▽
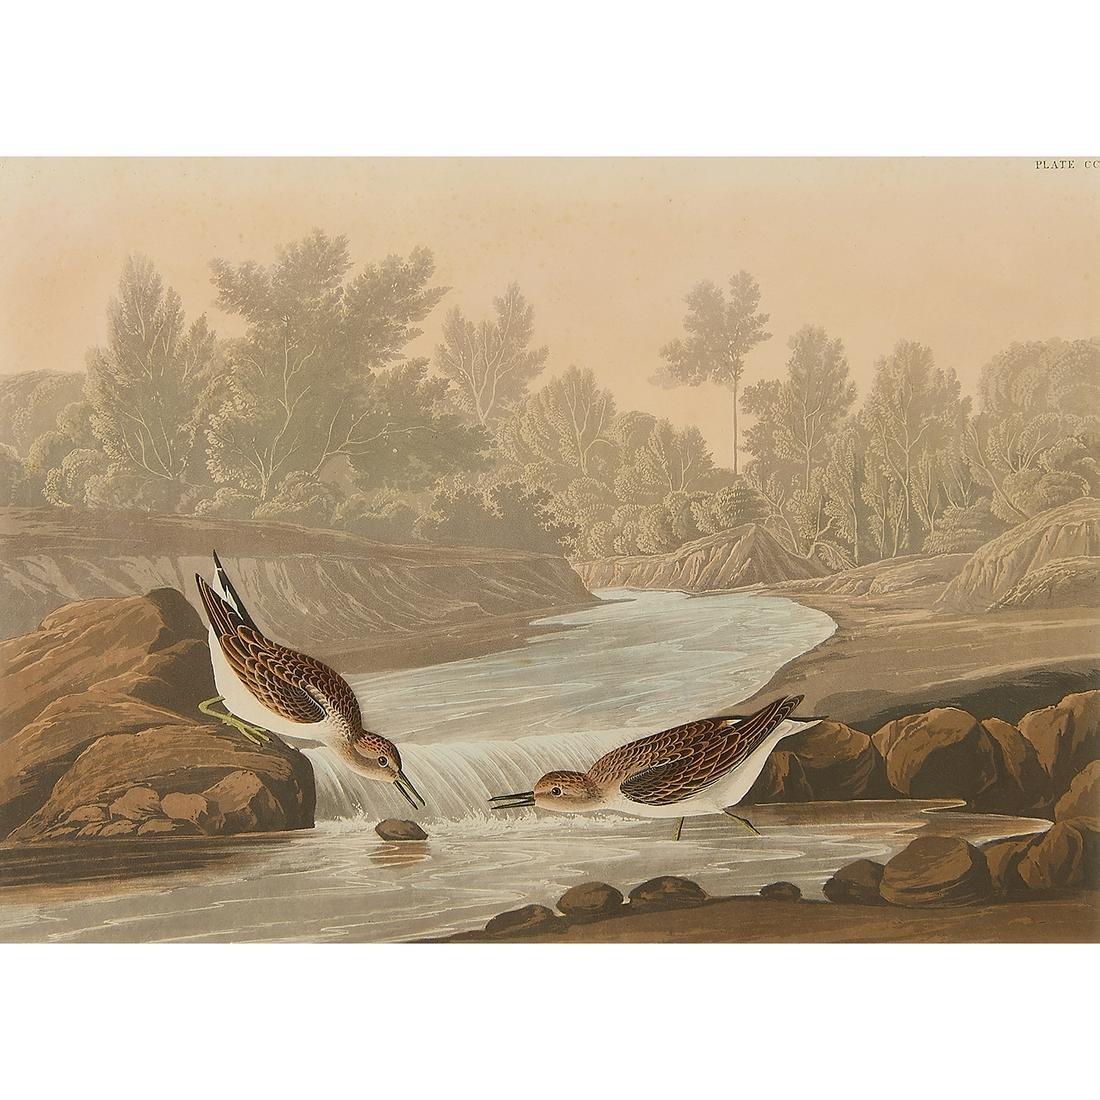 After John James Audubon, Little Sand Piper
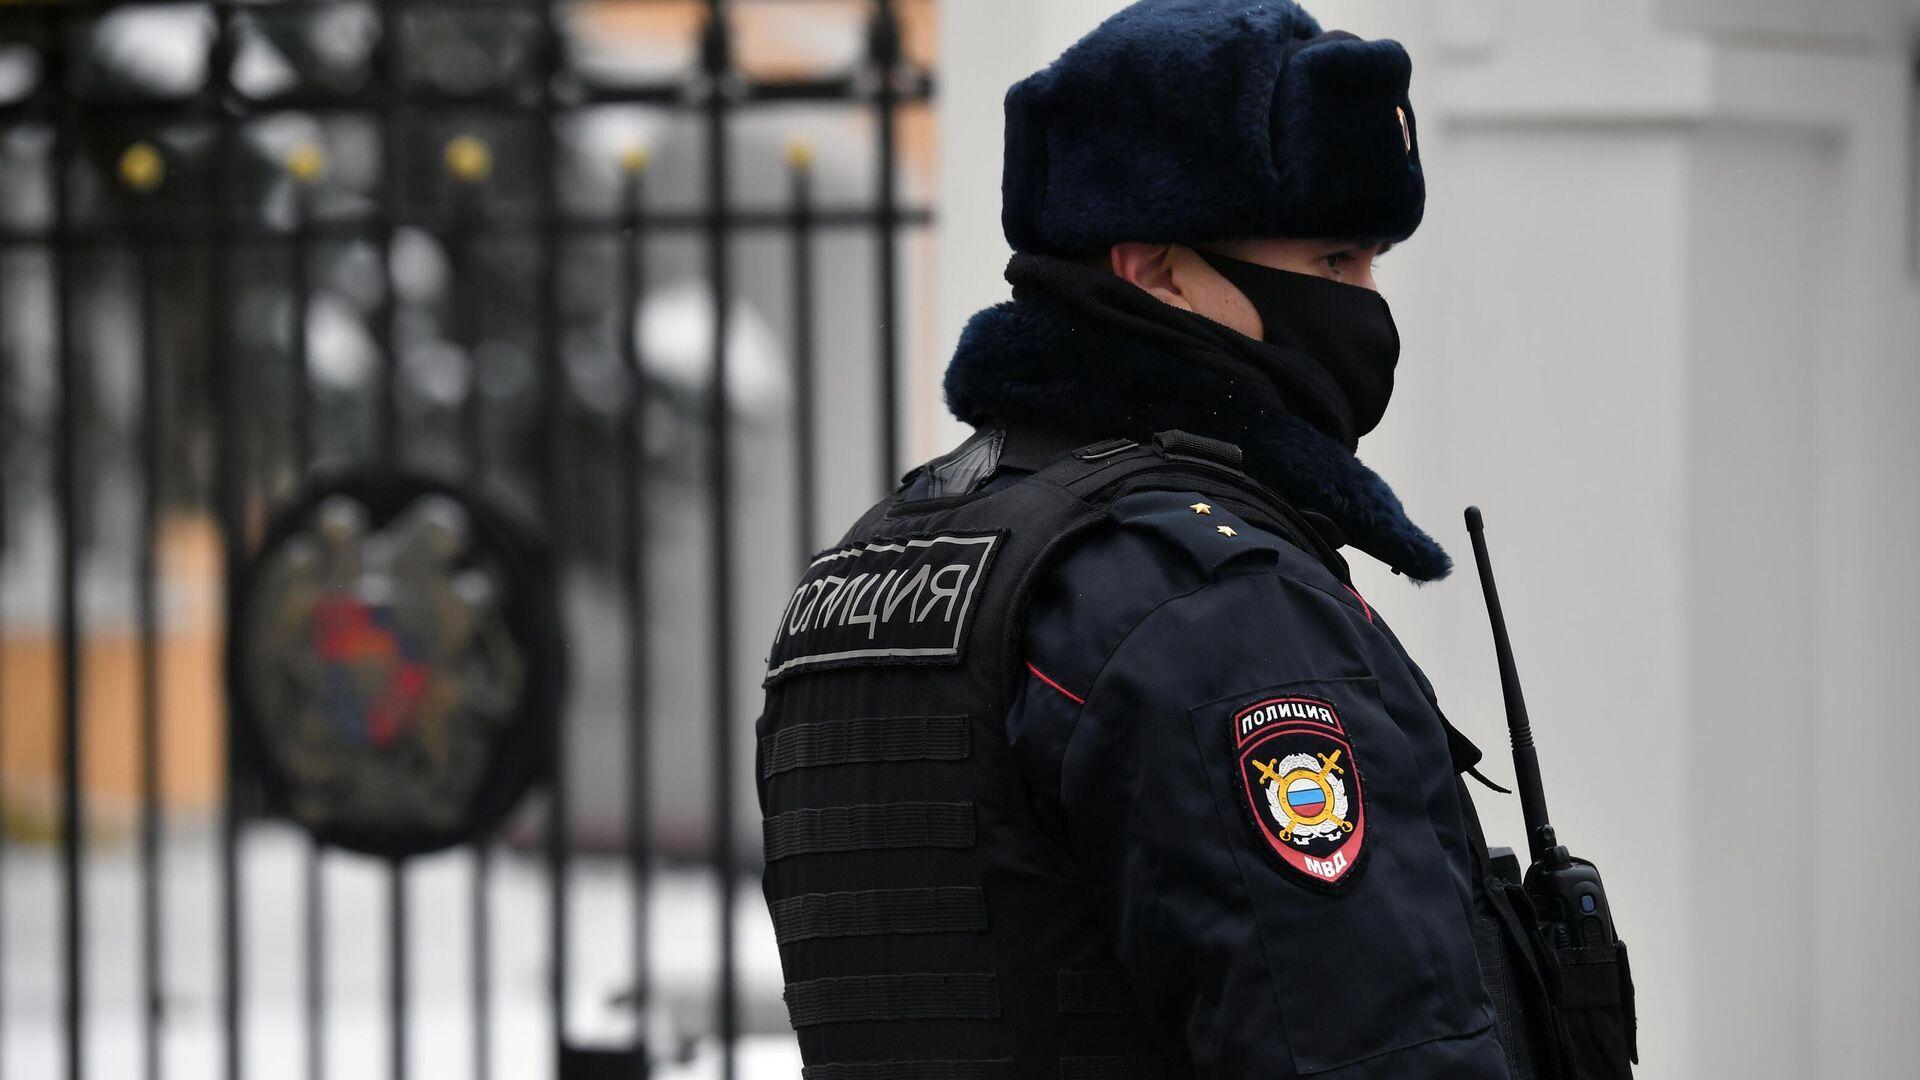 Сотрудник правоохранительных органов у здания посольства Республики Армения в Москве - РИА Новости, 1920, 24.01.2021
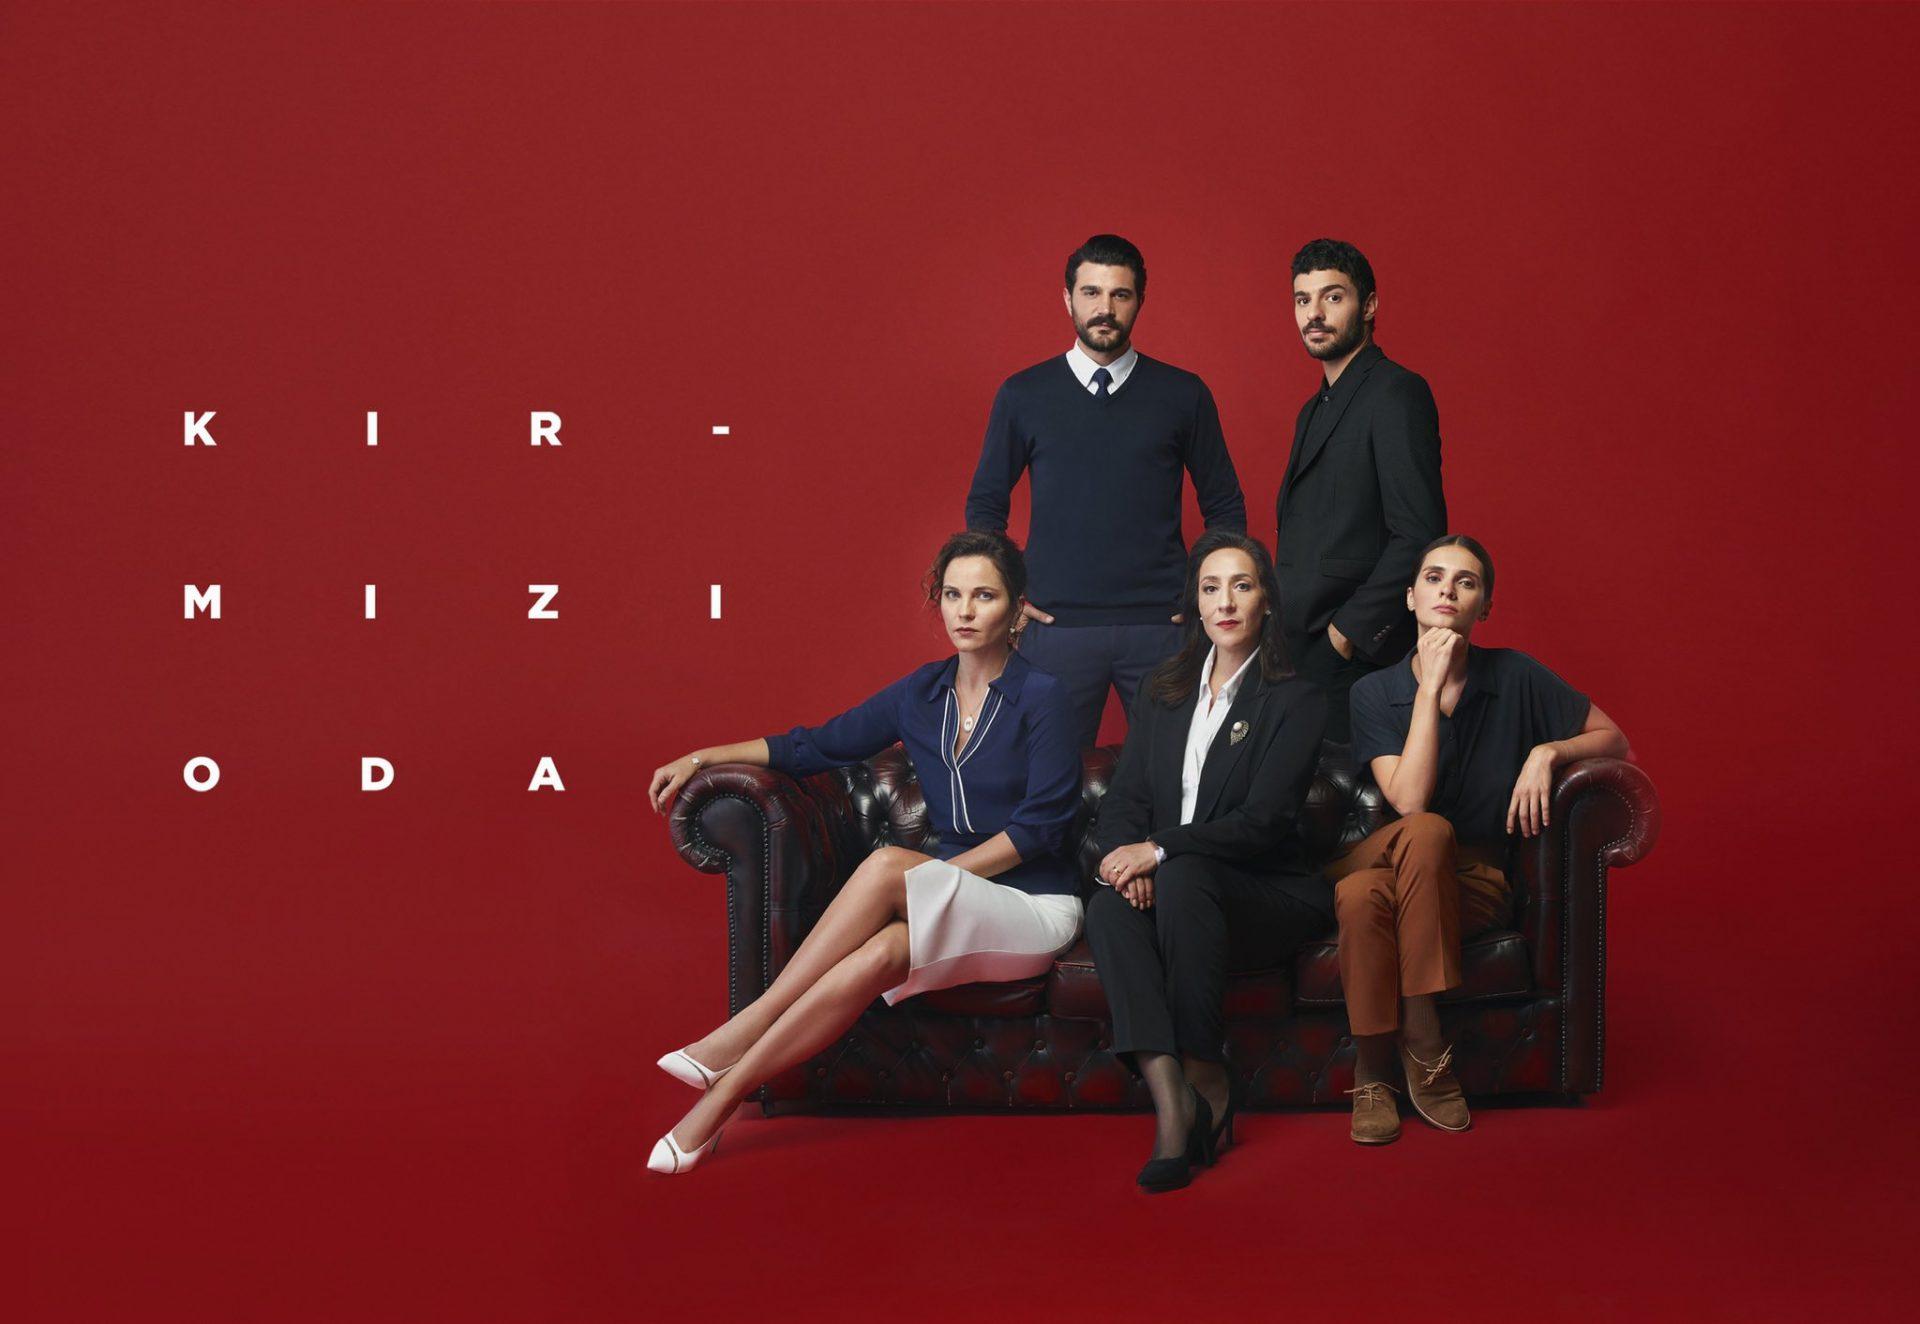 YKadınların çaresizliği üzerine inşa edilen bir ekran imparatorluğu: Gülseren Budayıcıoğlu'nun Kırmızı Oda'sı
△
TASK REQUIREMENTS — Give an exact copy of the material, leaving out every picture.

RESPONSE TO THE TASK —
 After John James Audubon, Little Sand Piper
 Сотрудник правоохранительных органов у здания посольства Республики Армения в Москве - РИА Новости, 1920, 24.01.2021
 YKadınların çaresizliği üzerine inşa edilen bir ekran imparatorluğu: Gülseren Budayıcıoğlu'nun Kırmızı Oda'sı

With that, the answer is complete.